Then from CardDone Message you can extract the Token to be stored:

QString myToken = doneMessage.data().split("\"").at(1);
if (!myToken.isEmpty()) {
	mTeaSettings->saveValueFor(SETTINGS_KEY_FOURSQUARE_TOKEN, myToken);
}

To connect your App with Foursquare at first you have to go to Foursquare Developer Site and register your APP there.

Then you’re gitting two codes:

  • ClientId
  • Client secret

store these codes – there are some calls where you need them as above invoking onSSO().

Hint: while registering your app at Foursquare you’ll be asked for a redirect URL, for BlackBerry10 you have to enter:

http://localhost

Settings (Notifications)

As soon as the Tea is ready we have to notify the User. As a good citizen it should be easy to set the application-specific Notifications.

We’re using the InvocationFramework to do this. In QML we have a Button on the SettingsPage:

Button {
    id: settingsButton
    topMargin: 48
    preferredWidth: 720
    text: qsTr("Settings: Notifications") +Retranslate.onLanguageChanged
    onClicked: {
        app.invokeSettings("settings://notification")
    }
}

Clicking this Button will call this C++ code:

void ApplicationUI::invokeSettings(const QString& uri) {
	mUsecase = Usecase::Settings;
	InvokeRequest request;
	request.setAction("bb.action.OPEN");
	request.setTarget("sys.settings.target");
	request.setMimeType("settings/view");
	request.setUri(uri);
	mInvokeManager->invoke(request);
}

Animations

Most timers are only using a countdown. If you prefer such kind of a timer, it’s already built into the BlackBerry10 OS Clock:

built-in timer

I wanted to use some other kinds of animations. You probably know the Cascades Sample Lightning Crossfades where you have a slider and using this slider you can manually fade from one image to a second image.

My solution:

I shot 8 images from my Teapot showing the steps to brew tea:

empty Teapot → Tea strainer used → filling in hot water → brewing → pulling out Tea strainer → Tea ready:

states to bre tea

So I have 7 transitions between images. All images are placed ‘on top’ which is easy done in a DockLayout:

ImageView {
    id: image1
    imageSource: "asset:///images/tea-timer-01a.png"
    verticalAlignment: VerticalAlignment.Top
    horizontalAlignment: HorizontalAlignment.Center
    preferredWidth: 720
    preferredHeight: 720
    opacity: 1.0
}

the first image with  the empty Teapot has opacity of 1.0 and all the others 0.0, so they’re invisible.
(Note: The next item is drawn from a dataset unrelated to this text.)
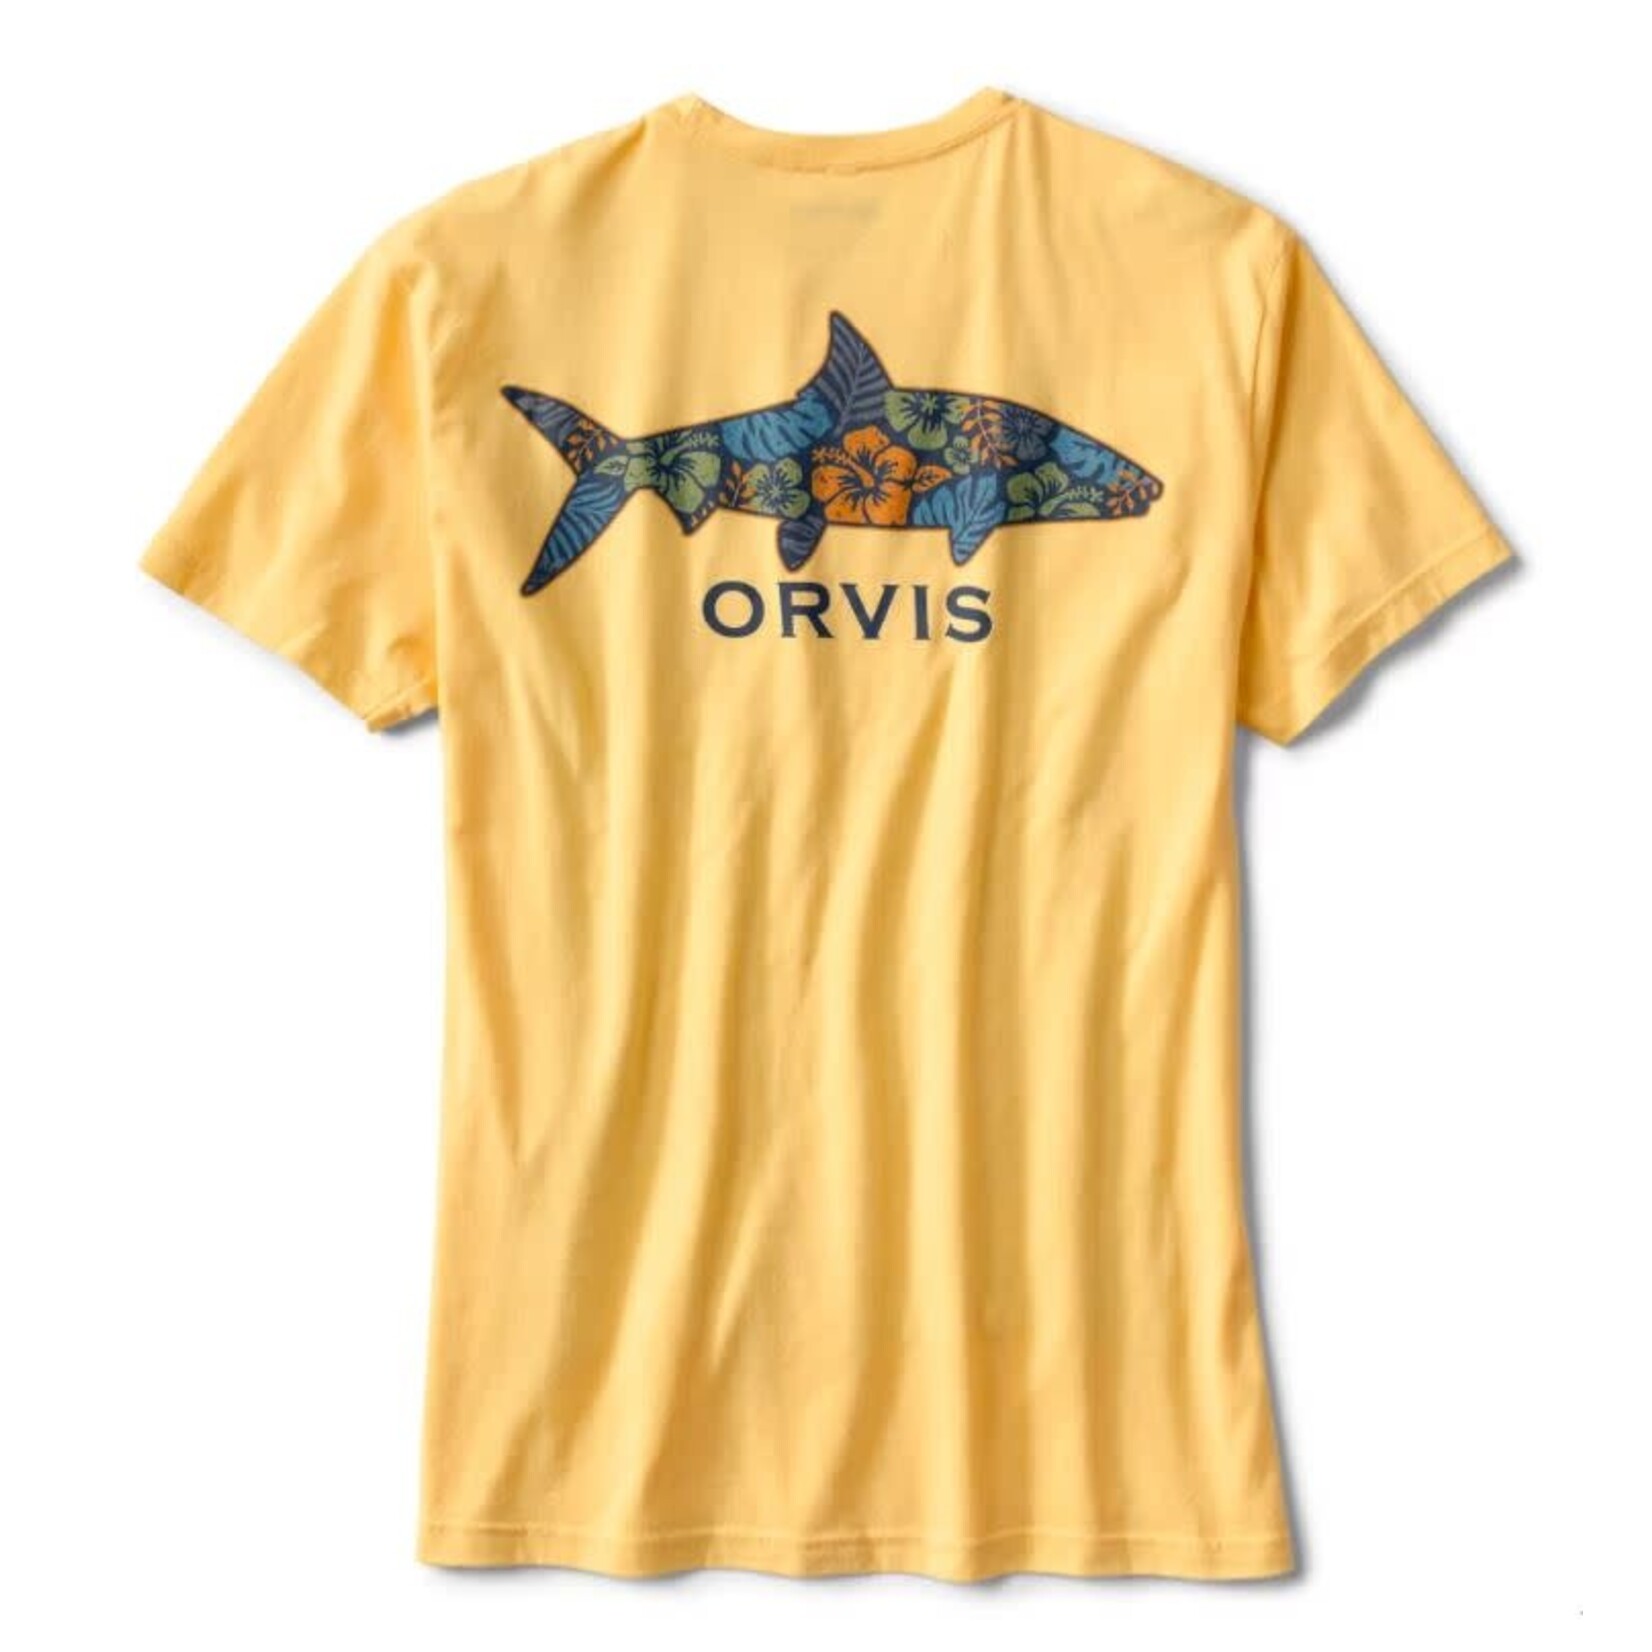 ORVIS Orvis Tropical Bonefish Tee

I’m using a SequentialAnimation where each transition has a duration of 1/7 of brewing time.

SequentialAnimation {
    id: brewingAnimation
    repeatCount: 1
    animations: [
        FadeTransition {
            target: image2
            fromOpacity: 0.0
            toOpacity: 1.0
            duration: teaPage.teatime / 7
        },
        FadeTransition {
            target: image3
            fromOpacity: 0.0
            toOpacity: 1.0
            duration: teaPage.teatime / 7
        },
        // and so on
    ]
    onEnded: {
        // Attention: don't use onEnded !
        // won't be triggered if app minimized !
    }
}

Now it becomes difficult: normaly if an animation reaches the end, there’s an onEnded() signal where you can do your stuff. We cannot use this signal, because we want to run our App in the background and if brewing time is finished, we have to notify the user. So: don’t use onEnded() in this case !
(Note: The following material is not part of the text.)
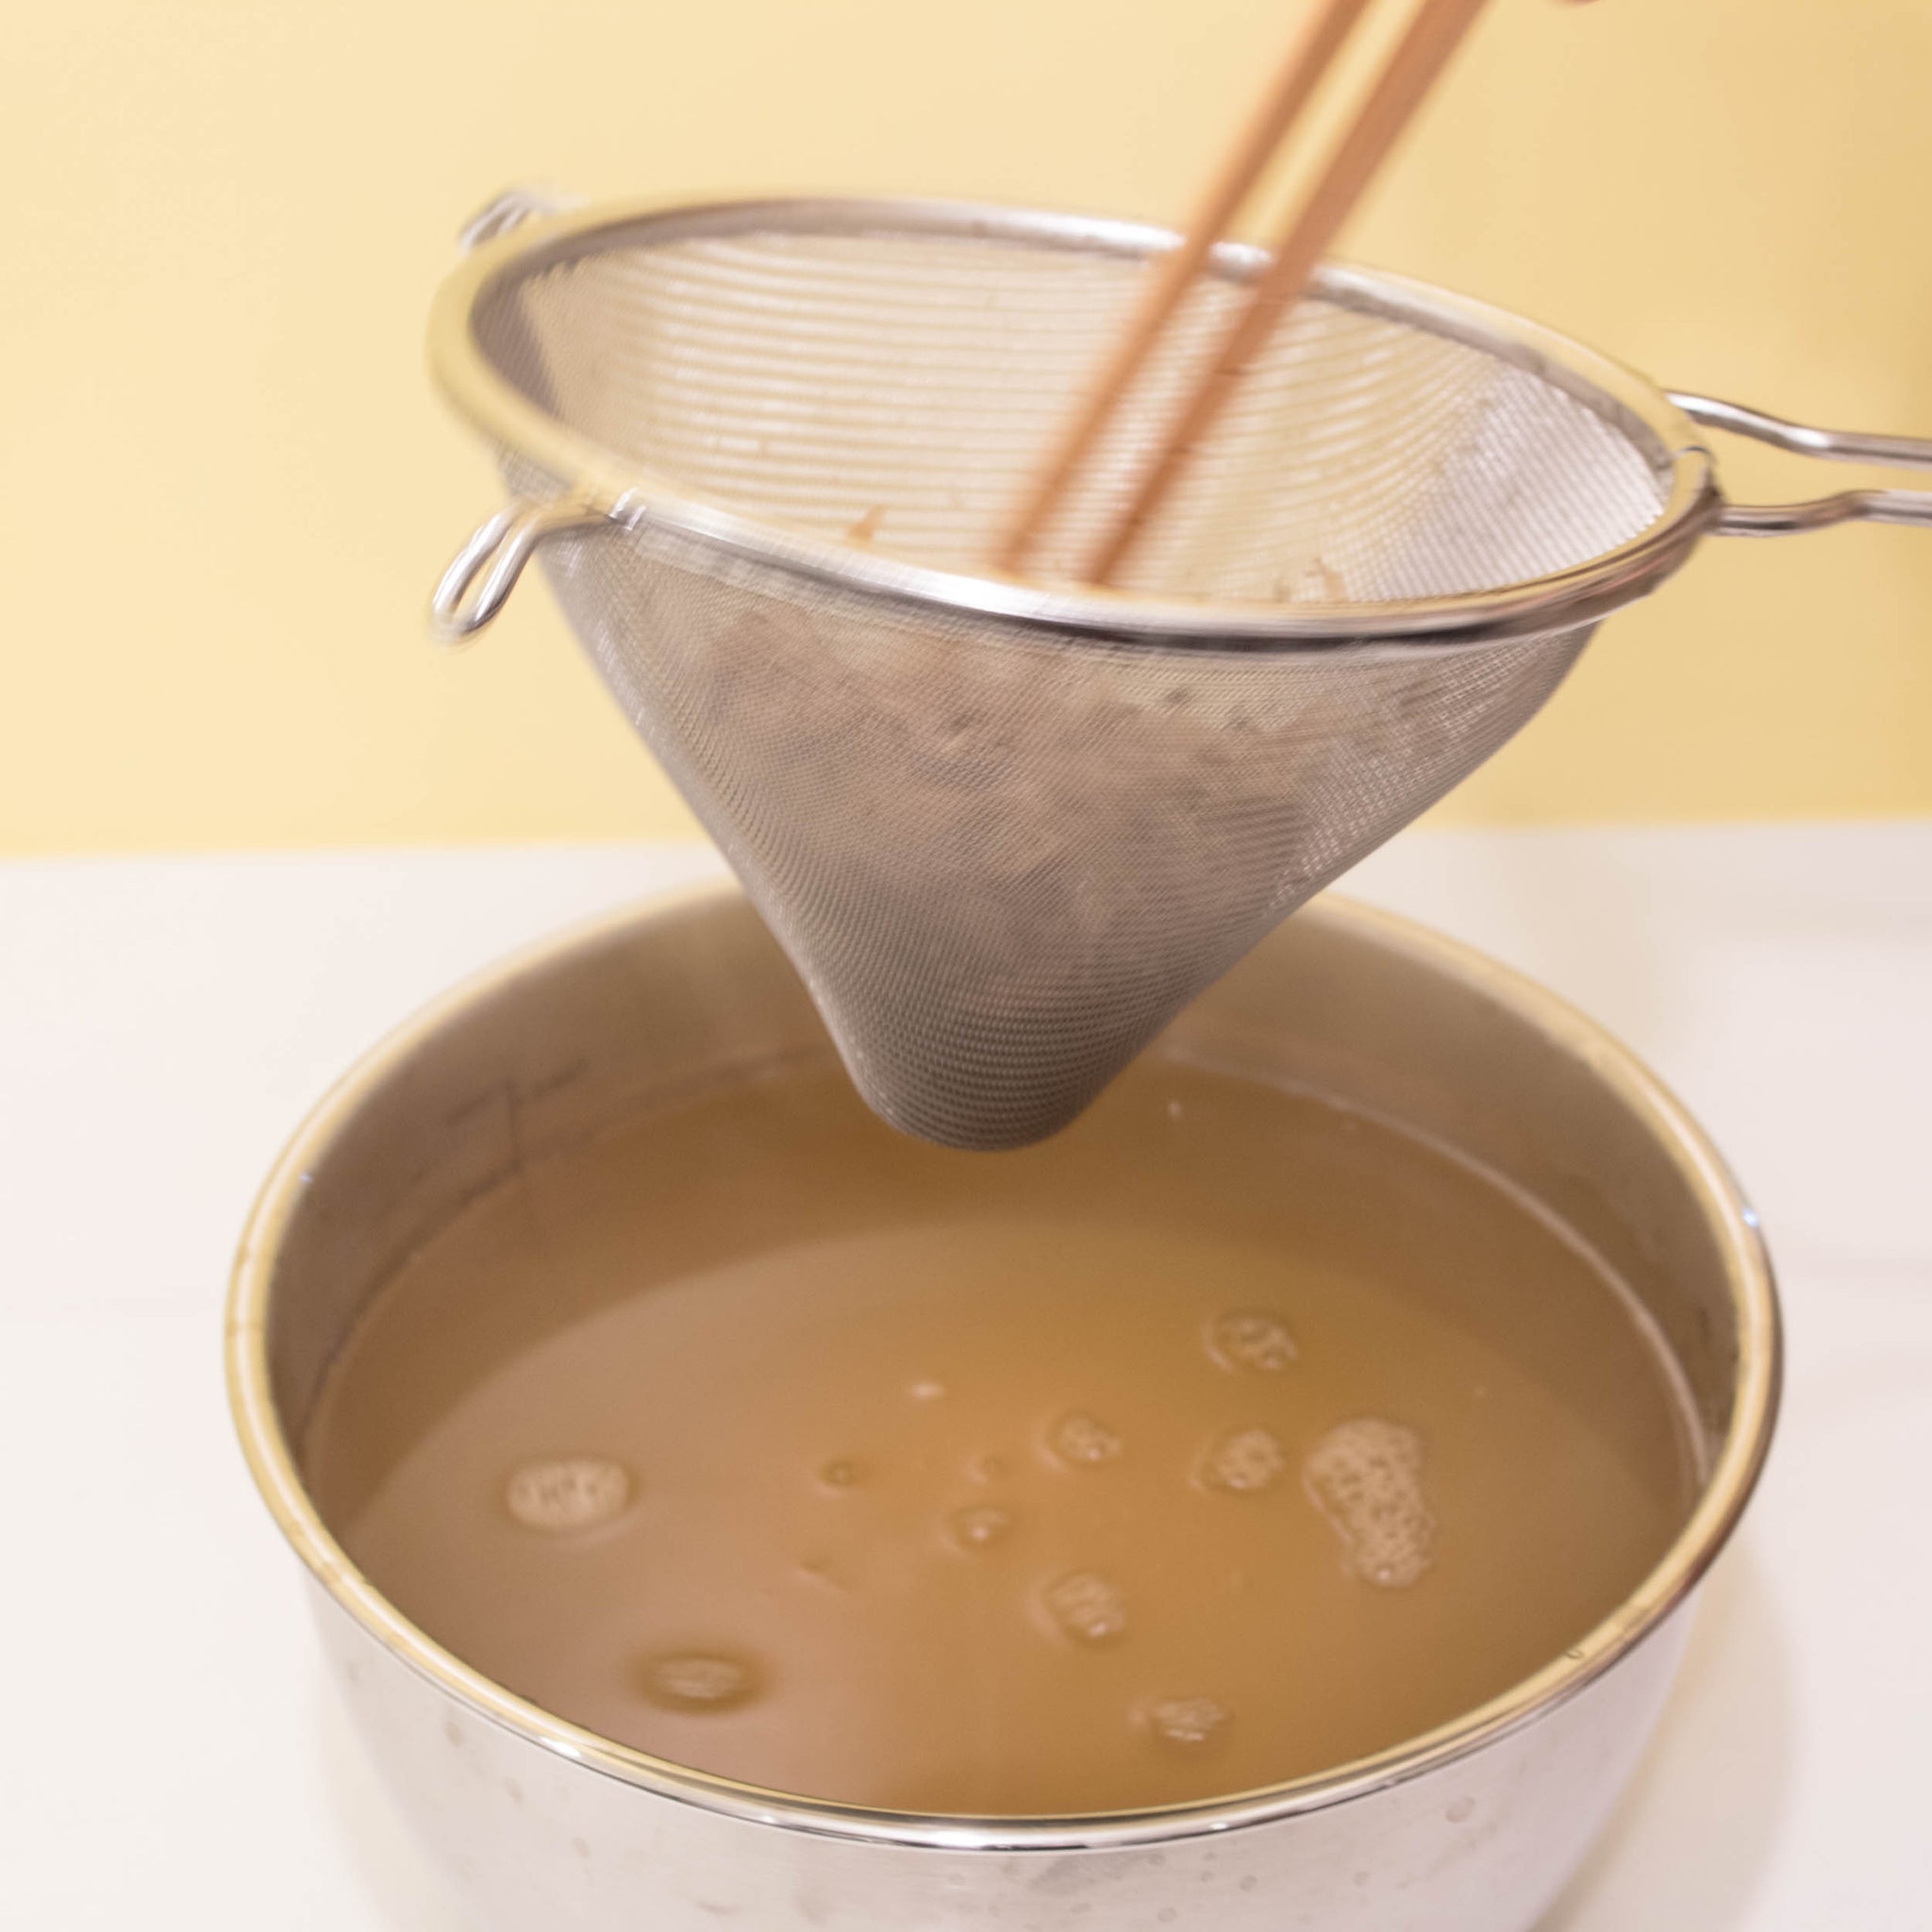 Shimomura Professional Stainless Soup Strainer 30880

As always with Cascades and Qt there’s a solution – in this case attach a QTimer:

QTimer {
    id: timer
    interval: teaPage.teatime
    onTimeout: {
        teaPage.teaReady()
    }
}

Start this Timer together with your animation. QTimer also runs if your app is in the background – so you’ll get the Signal that brewing time is finished.
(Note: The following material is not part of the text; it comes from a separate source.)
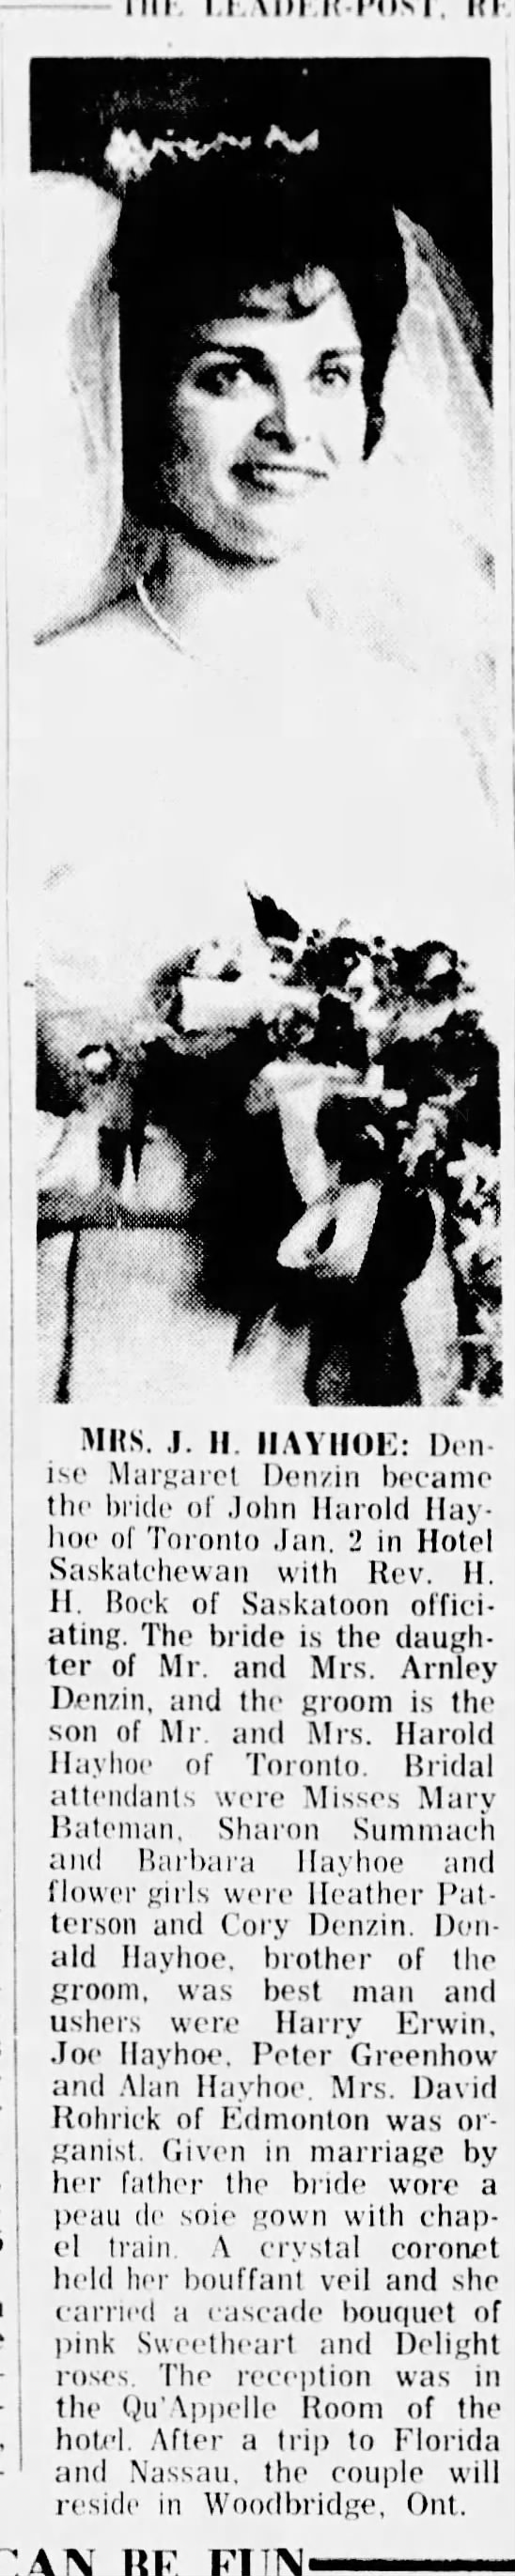 Marriage: Hayhoe--Denzin

Fading through the Images is nice, but the User should have an information about the progress. For this I’m using a Slider.

Next question was: HowTo move the Slider on ? There’s no Animation on Sliders. As you can see from the SequentialAnimation above the fading was done changing the Opacity – and that’s the key: there’s a signal from opacity-changes, so you can calculate the value of the slider:

ImageView {
    id: image2
    // more properties
    opacity: 0.0
    onOpacityChanging: {
        brewSlider.value = 12.5 + (12.5 * opacity)
    }
    onOpacityChanged: {
        brewSlider.value = 25.0
    }
}

Now we got it: Images are fading from Image 1 … 8 while the Slider is moving forward.

slider-progress

Hint: Of course the user should not be able to move the Slider manually, but on the other side if you disable the Slider it doesn’t look good. I simply placed a 9-slice-image with transparent pixels on top of the slider.

How animation works if the App is minimized and running in the background see below.

begin edited: 2013-03-05

While this works and is looking nice – it’s a mis-use of the Slider. The user normaly expexts to drag a Slider back and force, what’s not possible here because the Slider is a progress indicator and set by the application. Lesson learned after some discussions with Cascades – Designers: never use a UI element in a wrong way – even if it works, it’s a brake of the rules.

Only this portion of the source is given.